My geography revision

Oct 4, 2012, 9:45 PM |


What causes variations of food consumption between devleoped countries (DCs) and less developed countries (LDCs).

  1. Affordability. 

 The amount of food available to a person depends on his or her purchasing power or the amount of power he or she earns every month. In DCs, people generally have higher income than people in LDCs, thus higher purchasing power. People in DCs will be able to afford a wider range of food than people in LDCs. Hence there is a difference in food consumption between DCs and LDCs.

Acessibility of food.

Transport networks can have an influence on how food is distributed.   A poor transport network will hinder the distribution of food to a place and prevent people from having acess to it. THis is especially so in the rural areas of LDCs where there are poor transport networks. This is not a problem in DCs as they have a good infrastructure.

Availbility of food outlets.

Shops selling food  such as supermarkets and chain stores are commonly found in DCs. This shops usually offers a wide range of food that is either grown locally or imported. However, in LDCs there are fews shops selling food and they usually offer a limited variety of food that is grown locally.

Stability of food supply.

When a country has a stable food supply, it is said that they enjoy food security. Food security is easier to acheive in DCs. This is because they practises stockpiling. Stockpiling is expensive  but it is able to last the country 3 month without any food. It is not possible to acheive in LDCs as stockpiling is too expensive for LDCs. 

The outbreak of diseases, wars, conflicts will also affect the stability of food supply. For example: Millions of chickens were killed during the outbreak of the bird flu to prevent it from spreading. 

Ways to intensify food production

Gentle reliefs are usually able to produce better output of crops than steep reliefs of soil. Gentle reliefs are less likely to have soil erosion and there will be lesser nutrients lost through surface runoff compared to steep reliefs. Labour can also be replaced with machineries due to the steep relief. However, it still depends on the type of vegetation that is grown. Some crops only grow on steep reliefs, like tea leaves.

Nutrients of soil


Crops usually grow well in areas with high temperature and high rainfall. But it still depends on the species.

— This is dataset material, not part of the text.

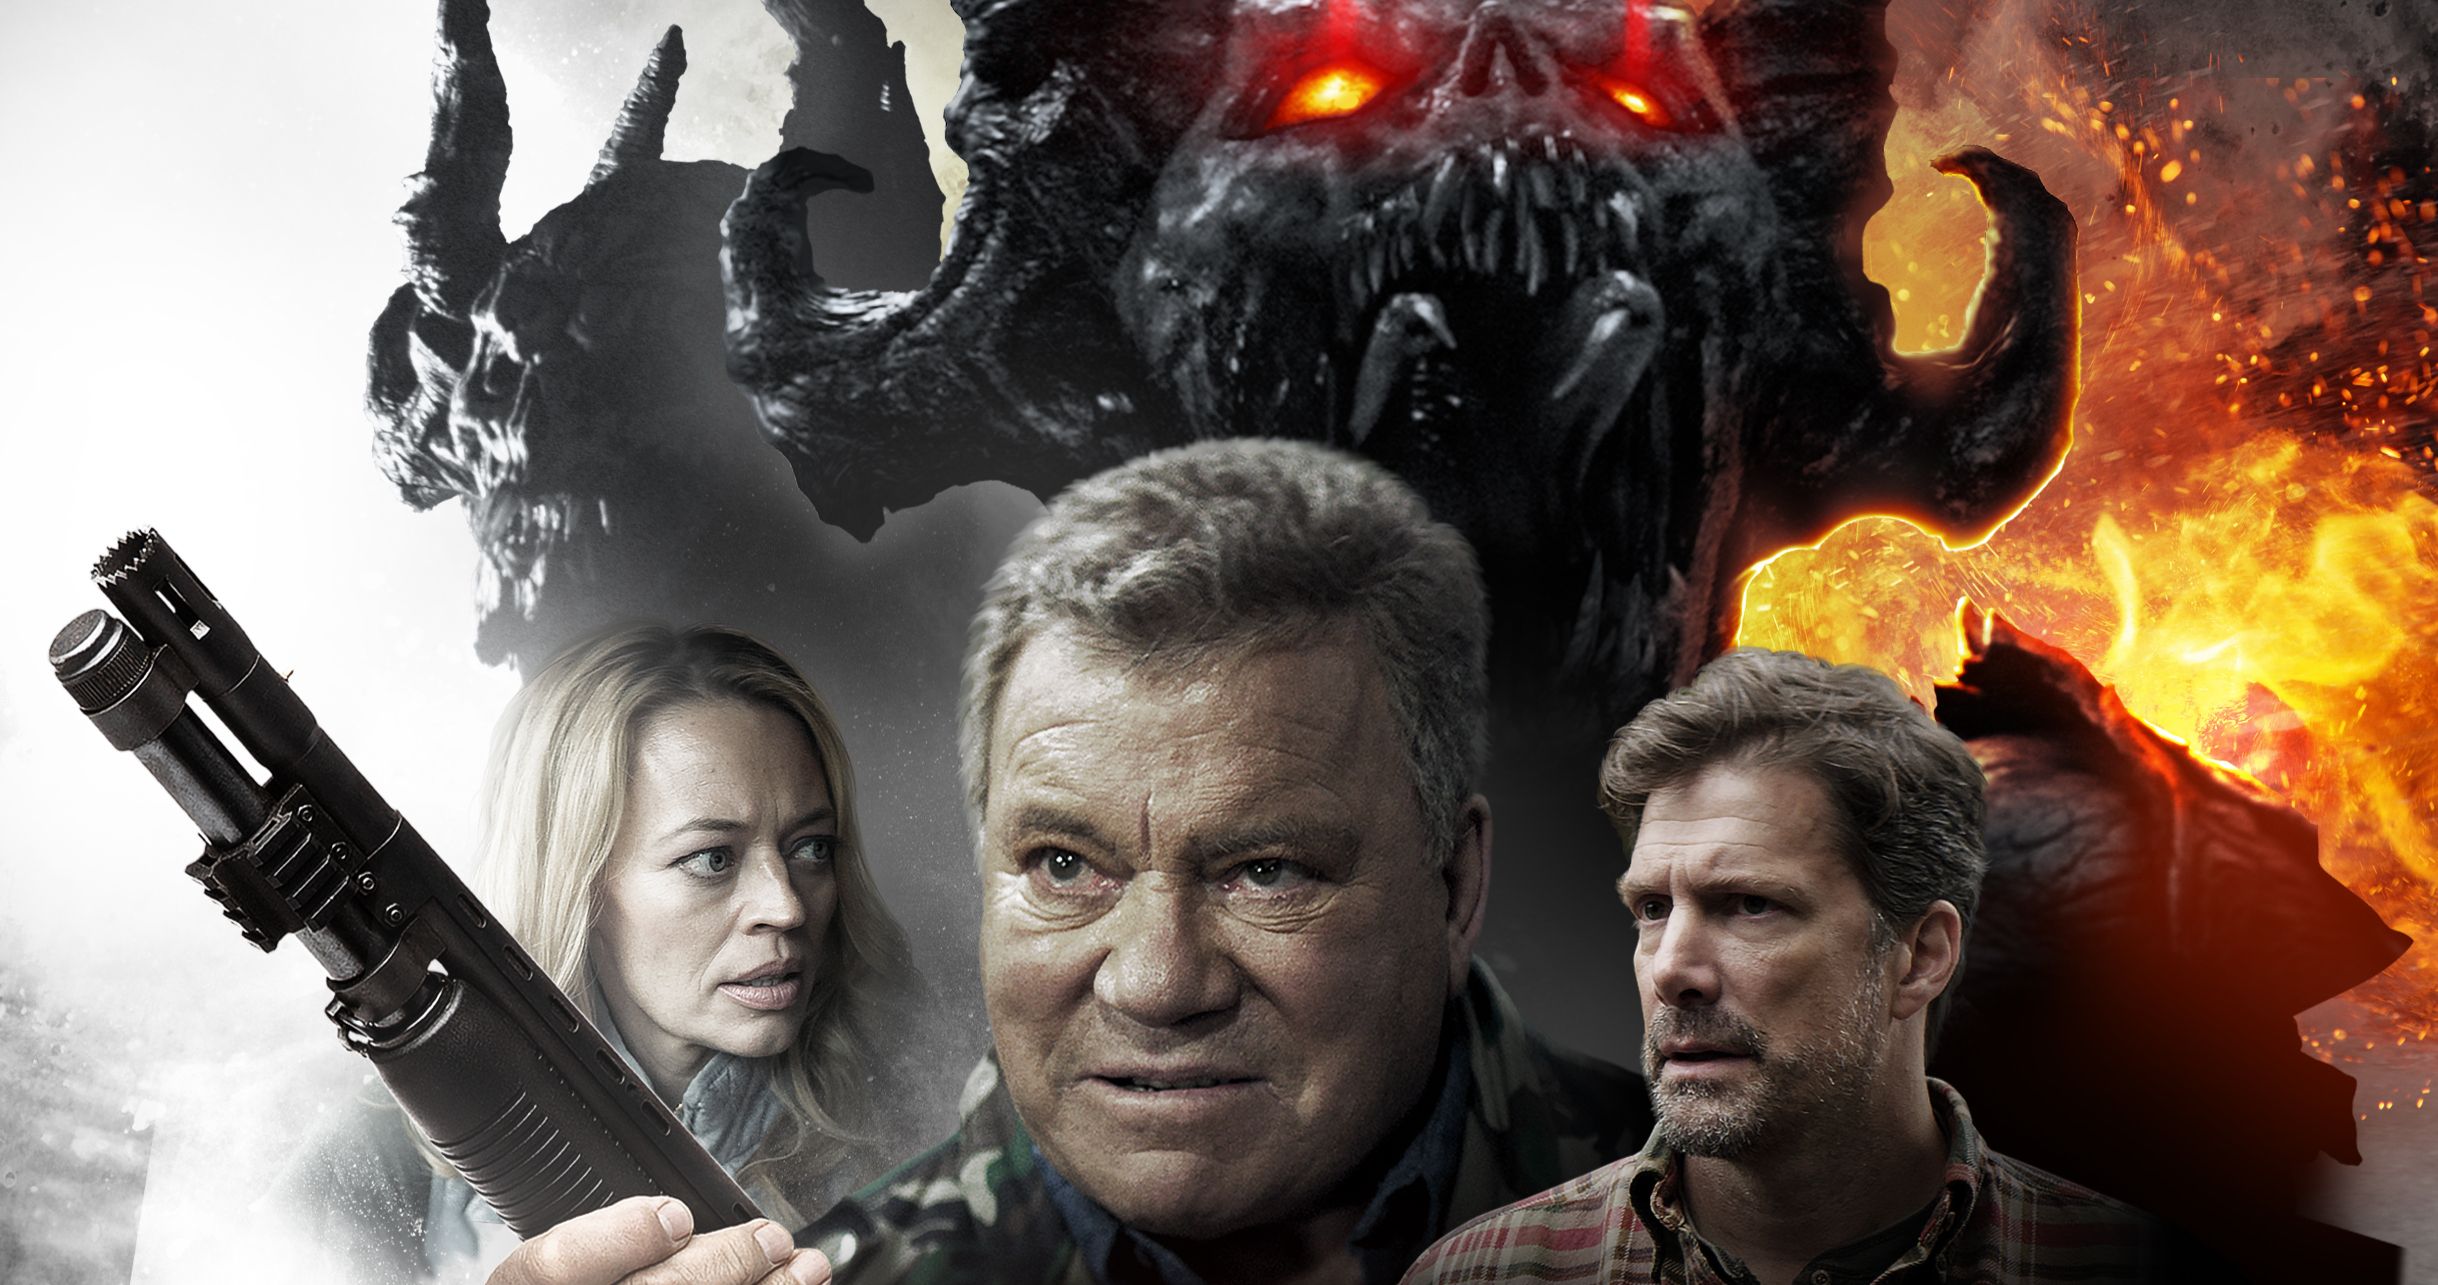 Devil's Revenge Director Talks About Dragging William Shatner to Hell [Exclusive]

Eg: Potatoes grow well in warm and dry climate.

Land fragmentation

A plot of land is  divided by the owner among his children as inheritance. Over many generations, the plots of land will become very small and this willl affect the output. The output will definitely be small and it will be unprofitable to use machineries like tractors.


The demand for food will affect the intensity of food producion. When there is a demand, the price of food will increase and this will encourage farmers to improve the output. Eg: coffee.

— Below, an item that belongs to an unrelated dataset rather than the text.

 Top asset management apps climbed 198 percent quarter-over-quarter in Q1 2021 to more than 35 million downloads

If the farmer is rich, he will be able to use modern irrigation methods such as building dykes and dams and machineries to increase the output. Vice-versa.

Technological factor.

Green revolution

It is the first systematic approach to use modern technology to help farmers increase their output.

It encourages the use of chemicals such as pesticides herbicides and fertiliser. With the green revolution, high yielding varieties of better traits (rice, cereals) were developed.  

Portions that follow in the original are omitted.